I think these are so common and useful that they probably merit special support, even if they could be implemented as a special case of a more general asset.

A fungible asset has a fixed structure: the only data it holds is a “balance” (we could make this a fixed 64-bit value, although I’m not certain this is the best size). Fungible assets support a transfer host call rather than move_to, where transfer accepts amount instead of a unique asset id.

Fungible assets never have a write ability.

Ideally, we could implement Athena SMH as a special case of a fungible asset.

Parallelizable assets

If we restrict the move_to access-control method so that it’s only allowed to look at data in the asset itself (as opposed to arbitrary account data from the asset-defining contract account), then calls to transfer assets between disjoint accounts won’t conflict, and can be processed in parallel. We might want to have this as an initial restriction, unless there are very compelling use-cases that require the common state (even if there are, we might want fungible assets to have this restriction, or just to allow assets to declare that they are parallelizable and this will let them charge less gas for transfers).

Cross-contract calls and lending assets

The asset constructions above really require at least some cross-contract call capability, since every asset transfer requires a permission check call to another contract.

I think it would be helpful to allow multiple entry points per contract, since the contract also defines a natural “trust boundary” – methods within the contract can trust other methods in the contract. Having every contract include code to do dispatch sounds like it will cause a lot of unnecessary duplication (and we also want the VM to recognize special methods, such as the access-control methods, and verification methods for account abstraction, etc.).

One thing that could be interesting is to allow a read-only “lending” of an asset to another account for the duration of a cross-contract call. This would allow us to easily prove asset ownership and contents, while maintaining the “only owner can access” rule.

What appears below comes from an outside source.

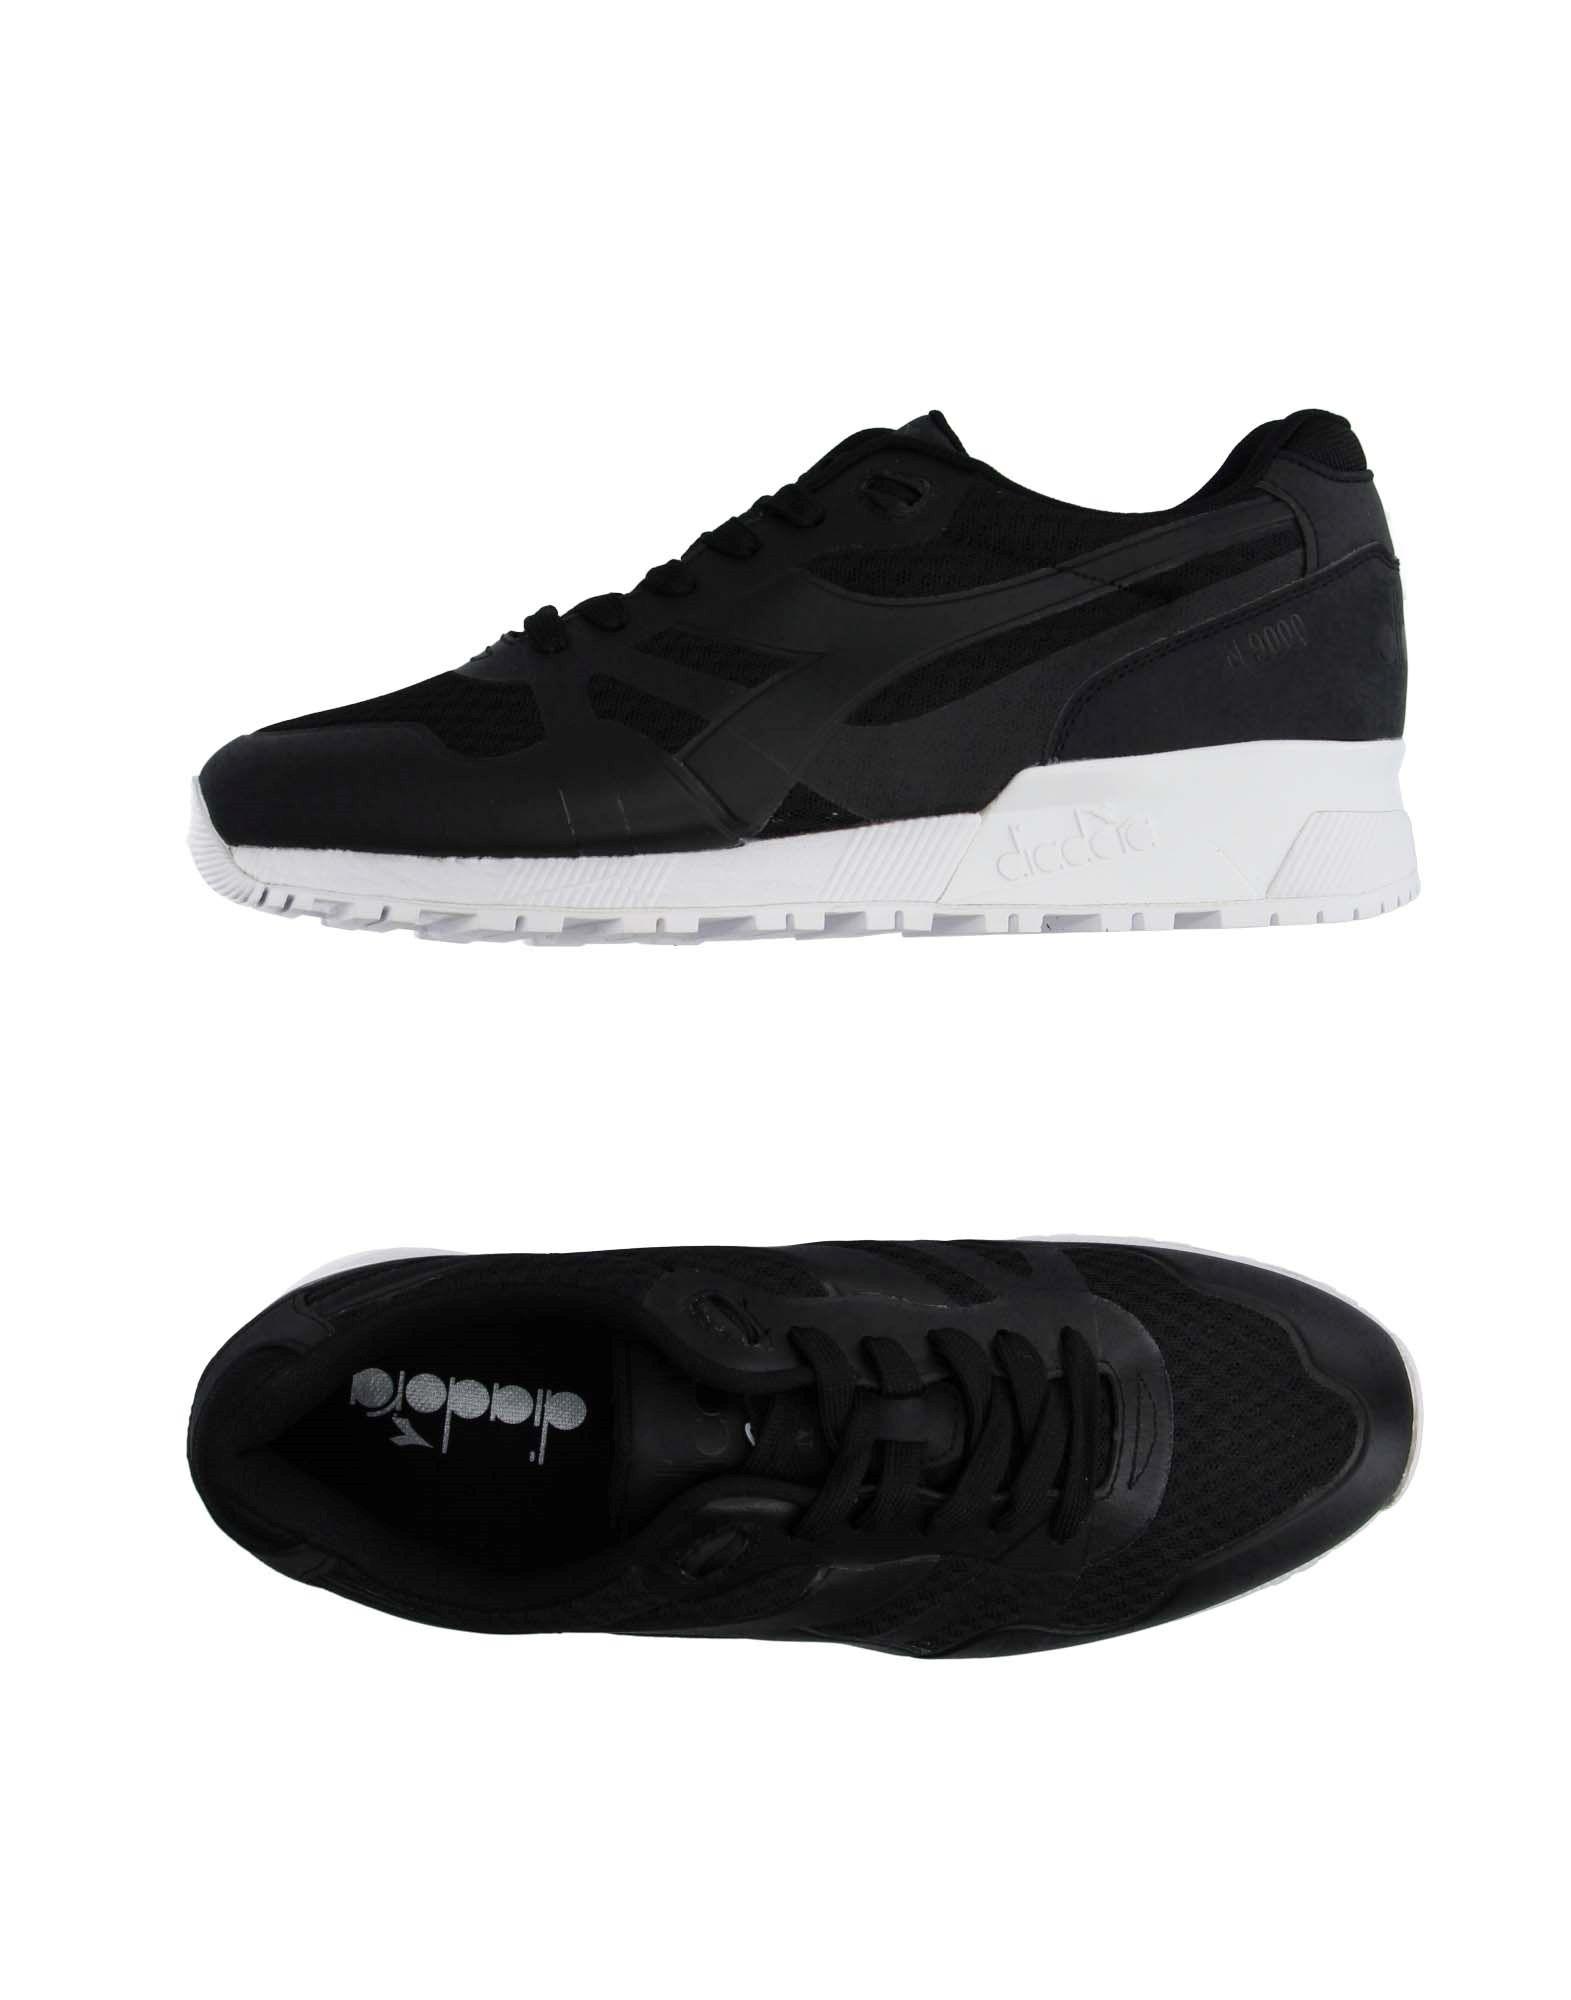 Rabatt Herren echte Schuhe Diadora Sneakers Herren Rabatt  11039009SE 5a1f43

For example, suppose I have an asset that holds my “contributor status” for some project . The project wants to allow contributors to claim an NFT based on their contribution level. By “lending” my status asset to the NFT-granting contract, I can allow it to verify that I have the required level.

(Alternatively, we might just want to automatically grant read-only access to all assets owned by the originator of a cross-contract call).

For the purpose of the prototype, let’s just pick a reasonable starting point. I agree that 32 bits is probably too small. 256 bits feels large and would result in a lot of wasted space (EVM has this issue). But we could go with 256 bit keys and 256 bit values for now for simplicity. Changing these in future would not be hard, and in any case the compiler and/or runtime can do some optimization here and pack things more efficiently if necessary. Here’s how it’s done in Ethereum: Layout of State Variables in Storage — Solidity 0.8.26 documentation.

Are we sure we don’t want to handle this in the runtime? Yes, having each capability checked by a cross-contract call would be the most flexible way to do it, but it would also be inefficient and expensive. By contrast if a resource had a permission set (e.g., a set of accounts allowed to borrow, mutate, or burn it), the runtime could perform that check without the added overhead of an additional call.

I agree that 256-bit keys feels a little large, but fine for now. I think values that are dynamic byte arrays would be better than a fixed size (e.g., 1-byte length and 1-256 bytes of value).

That’s true. Maybe it’s enough to just have an all-or-nothing approach at first (i.e., either you can transfer to any account willing to accept, or you can only transfer by calling an asset-associated method directly).

We still need a mechanism to check if an account is willing to accept a rent-requiring asset. But maybe the Diem/Aptos method is ok (IIRC, the account needs to explicitly “opt in” to accept an asset type via a separate transaction).